Could you answer this, for instance -- which one has a priority? - potassium imbalance, calcium imbalance, sodium imbalance, acidocis or alkalosis? Please. I don''t know the answer.
Please share your secret (we all use fake names here) - do you pick the longest answer, the shortest or answer C?
What do you do when you know the material well, give the most correct answer, and then find out that your answer is wrong? And the correct answer is some insignificant piece of information that you found lurking somewhere in the text, and you wouldn't choose it in a million years? Does it mean that the nursing logic is beyond you? What does it mean when you study hard for the exam, know and understand it well, and get a much lower grade than you received for the exam you hadn't studied for at all?
Please help :uhoh3:
Thank you - that post was really helpful. I am very frustrated by the lack of assistance from my school. I am an night student, and feel we get the short end of the stick. My professor is only available 4 hours a week in the early afternoon (difficult to arrange to get there to meet her - this is why I'm in night school after all!), so she really didn't want to see the 4 of us who showed up to go over the test.
Going over it, I got the ones I did not read carefully enough wrong. I read them too quickly, said "I know the answer" and missed a keyword in either the question or the correct option. It really is frustrating trying to learn how to take NCLEX style questions. I have every book out there and do questions every day. I find them very straight forward, but in our exams I find that the questions are very 'wordy' and have a lot of extra unnecessary information. I found a question in the Davies NCLEX book that was very similiar to one from our test, but ours had a lot more information added to the options.
I also find the time tight, we have an hour to do 50 questions. Guess I'd better do a lot more practice questions to improve my grades to have a hope of passing.
Thank you - that post was really helpful.

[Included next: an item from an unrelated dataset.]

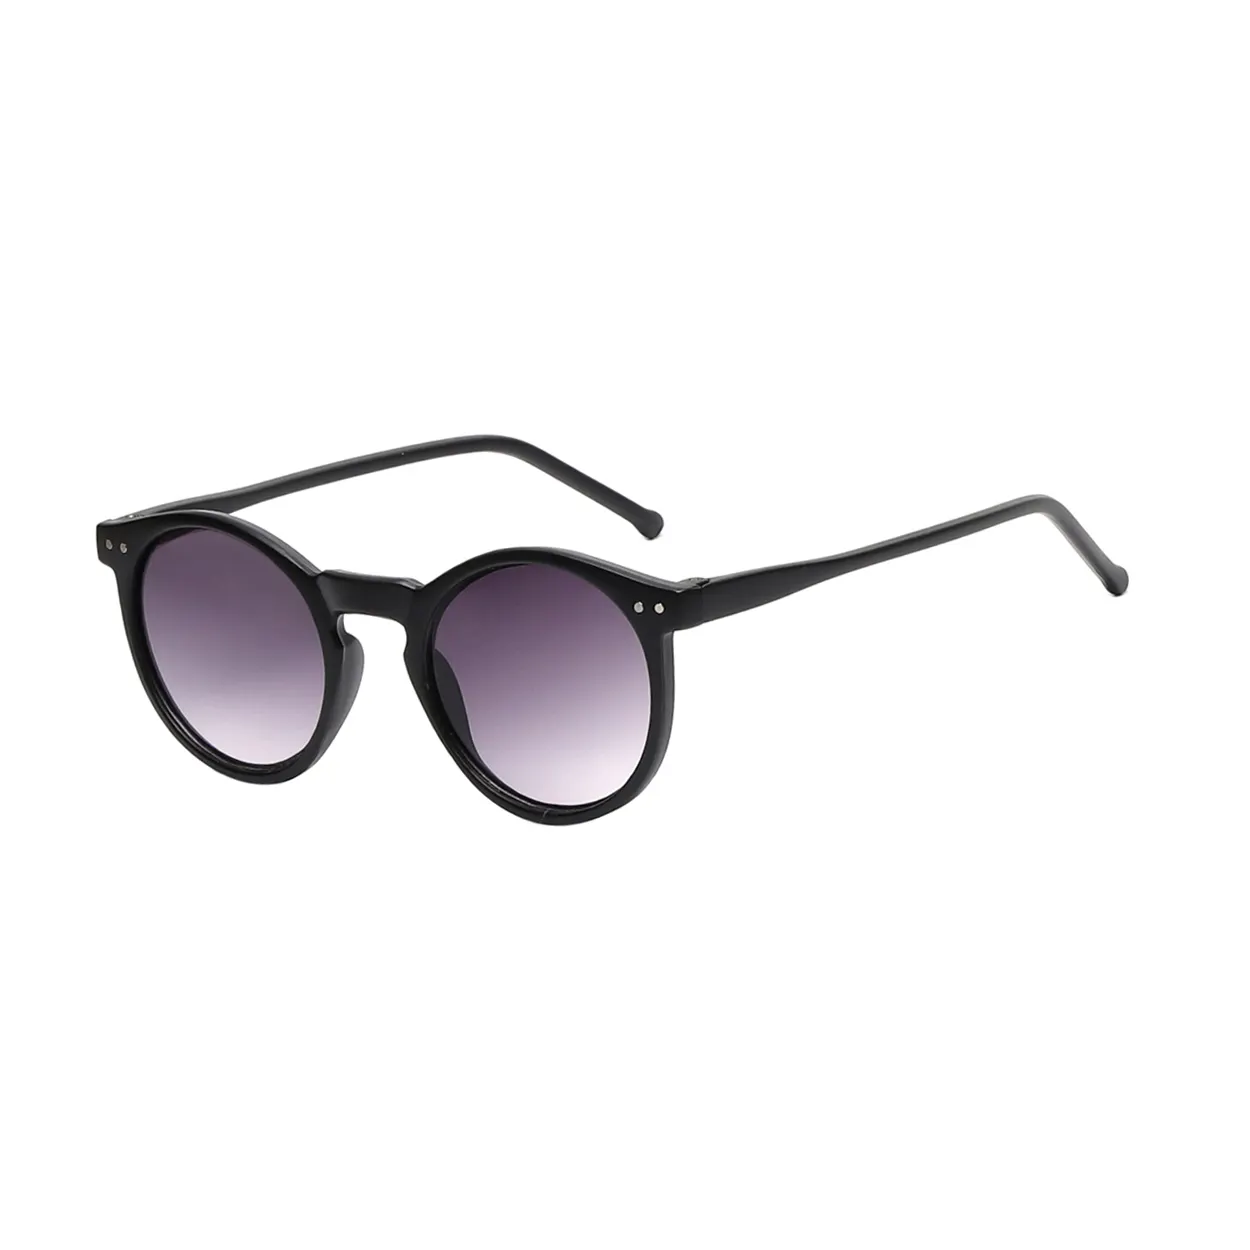 Beliebte polarisierte Sonnenbrille Damen Trend Vintage runde Sonnenbrille weibliche Brillen Shades UV400 PC Unisex Erwachsene Multi WSP23172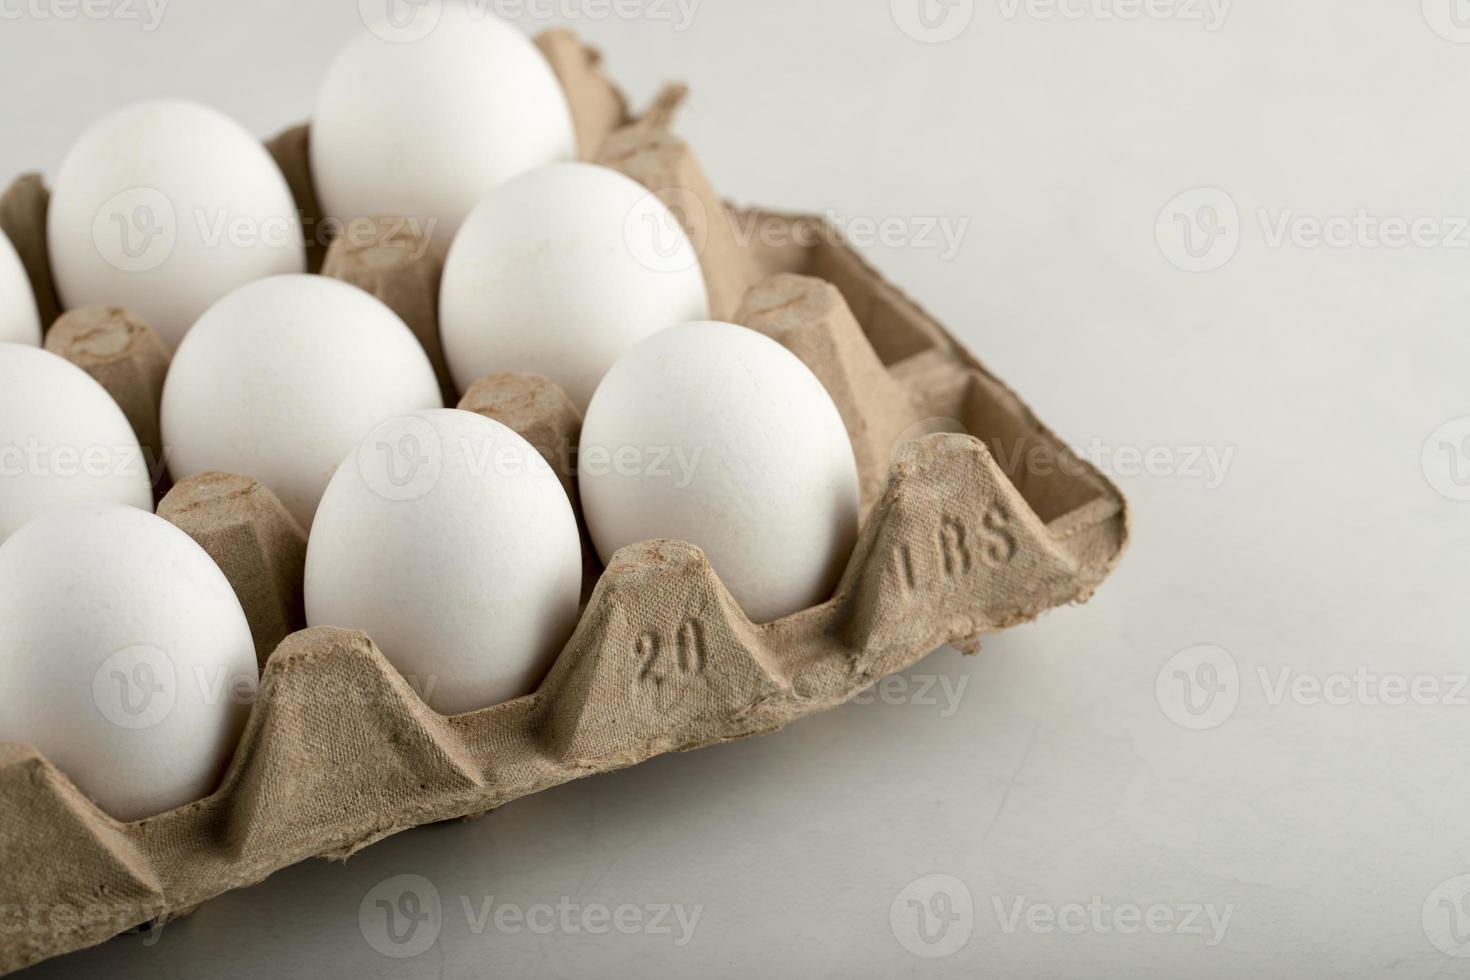 ovos de galinha crus em uma caixa de ovos em um fundo branco foto

I am very frustrated by the lack of assistance from my school. I am an night student, and feel we get the short end of the stick.
I was in a full-time 'regular' day program and our instructors were not very open to reviewing test questions either. It may just be a general nursing school thing as opposed to being a night student or not. It's hard to tell what the "usual" experience is since most of us have really only been exposed to one program!
That question is NOT simple, and IMO very, very stupid. I hope that isn't for real.What do they mean by "imbalance" -- hypo, or hyper? Yes, hyperkalemia can be deadly -- but so can hypo/hypernatremia (cerebral edema, coma), and severe acidosis of any type (metabolic, respiratory) is a recipe for a code. To answer this question they would need to give you lab values and have you choose which one is the furthest out of range.
I haven't been in a basic nursing program for awhile but I can tell you that some schools have gone to asking NCLEX-style questions on exams. It is to get you thinking about priority setting and what your first plan of action would be according to the nursing process (think ADPIE).
That's a real question because it was on our Fundamentals exam number II.
Thanks! I did meet with my instructor after our 1st test, and knew that I was making the error of not reading the questions and all of the options carefully enough. I thought I had done just that but obviously not! Am meeting with my prof tomorrow to see where I went so wrong. Also scheduled some private tutor sessions which will hopefully help.
As others have suggested - you absolutely need to get a Kaplan or Saunders book that has NCLEX strategies. It helps a lot.
thank you all for your replies. as it happens, i actually did figure out the logic behind nursing exams.
people! why are you kidding yourself - or more accurately - why are you misleading good students -- about critical thinking? critical thinking has nothing to do with this. nurses are discouraged from using any thinking, they just have to do exactly as they're told. those struggling students -- don't try to apply your real critical thinking -- it is suitable for doctors. no thinking or deep knowledge is required from you when you have to write "altered urinary elimination related to bacteria in urine" instead of "uti"....
another thing i'm tired of hearing is "oh you have to find what the stem or key words of the question is" -- this is nonsense. in english language the subject and the predicate indicate the stem and the key words of a sentence, and word placement in the beg or end of a sentence. some exam questions don't follow these rules - their idea of a stem is arbitrary.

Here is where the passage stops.